[ExI] Google’s Willow Quantum Chip: Proof of the Multiverse?

Jason Resch jasonresch at gmail.com
Mon Oct 13 05:24:59 UTC 2025


On Mon, Oct 13, 2025, 1:05 AM Adrian Tymes via extropy-chat <
extropy-chat at lists.extropy.org> wrote:

> On Mon, Oct 13, 2025 at 12:28 AM Jason Resch via extropy-chat
> <extropy-chat at lists.extropy.org> wrote:
> > On Sun, Oct 12, 2025, 10:14 PM Adrian Tymes via extropy-chat <
> extropy-chat at lists.extropy.org> wrote:
> >> Please stop trying to claim that superposition means the universe
> >> takes conscious, intelligent action.  It does not mean that.
> >
> > I'm not claiming that. It is an implication of superdeterminism that the
> universe actively works to thwart any attempt to catch it.
>
> You say you aren't claiming that, and then in literally the next
> sentence you claim that.  (And that claim of yours is, once again,
> false.)
>

It's not my claim. It is the direct implication of superdeterminism as I
then went on to explain and show why it follows directly.

If you think I have made an error then address how I am mistaken. That is
how rational arguments work.



> It is getting increasingly difficult to discern your argument from one
> made in simple bad faith.
>
> A further sign of possible bad faith on your part is that you
> repeatedly attack a strawman: despite my explicit declarations that
> superdeterminism - at least, as I use the term - is not some sort of
> animism, your counterexamples declare that I mean that something
> inanimate (photons, the universe, et al) "knows" stuff and consciously
> acts on it.
>
> (For instance, that it deliberately attempts to fool you.  It's
> inanimate.  The only entity in the loop capable of fooling you is you.
> The data is what it is; the measurements are what they are.
> Interpretation - and potentially coming to the wrong conclusion - is
> entirely up to you.)
>
> Try stating your objection without that declaration, and you might get
> closer to understanding the position I am actually favoring.
>

Superdeterminism is a hidden variables theory.

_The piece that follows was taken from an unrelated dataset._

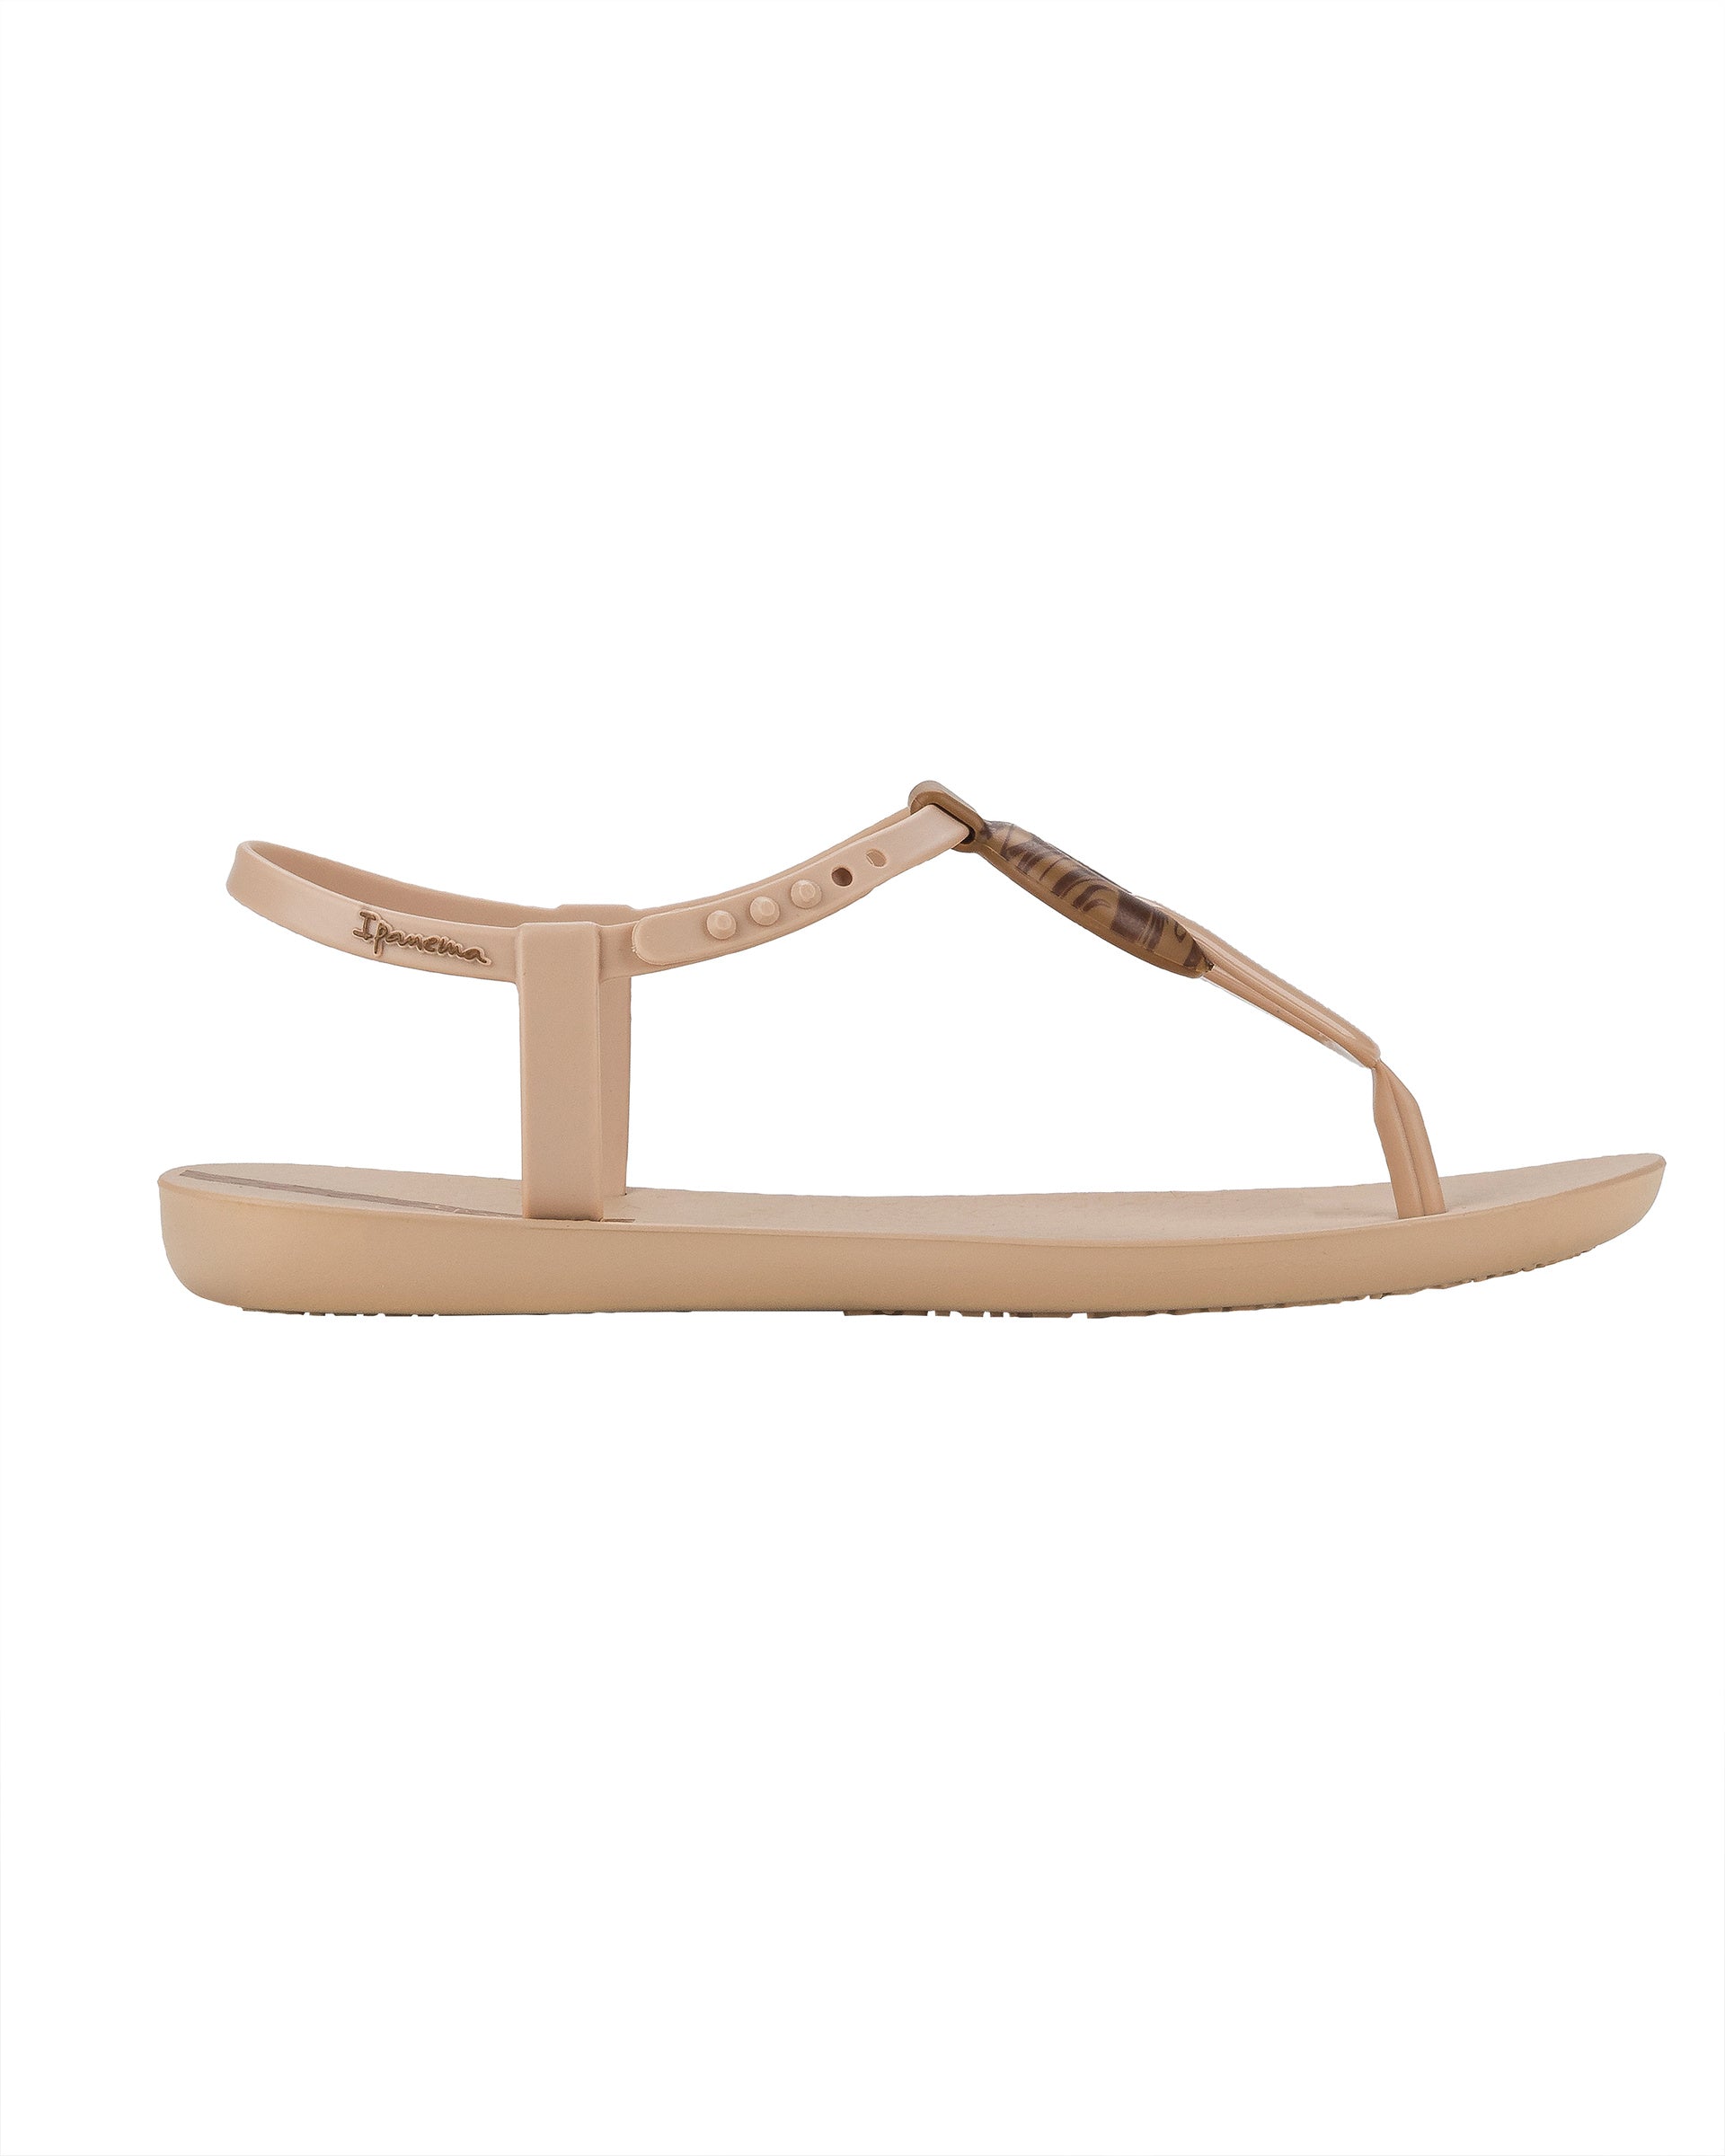 Outer side view of a beige Ipanema Class Marble women's t-strap sandal.

One where the hidden
variables are assigned their values at the time the particles are created.
Do you agree with this much of the standard definition of superdeterminism?

If so, then I would pose this challenge: by what mechanism are they
assigned? How come they are assigned in a way that will anticipate the
manner in which they will later be measured, when that decision may be made
in a way seemingly causally disconnected from the assignment of the hidden
variables? And why are they assigned in such a way that happens to leave us
with the false impression that it can't be any normal hidden variable
theory -- the mechanism, whatever it may be, must somehow
anticipate/already know future events it has no right to know at the time
and place the mechanism activates.




> If your reply to this once again asserts that superdeterminism means
> that inanimate things "know" things and consciously act on that
> knowledge, then I'm going to have to ask ExiMod to step in, because at
> that point you will have proven that you are arguing in bad faith.


I searched this entire thread. The only person to have used the term
"consciously" to refer to superdeterminism has been you. Perhaps you should
report yourself to ExiMod for acting in bad faith.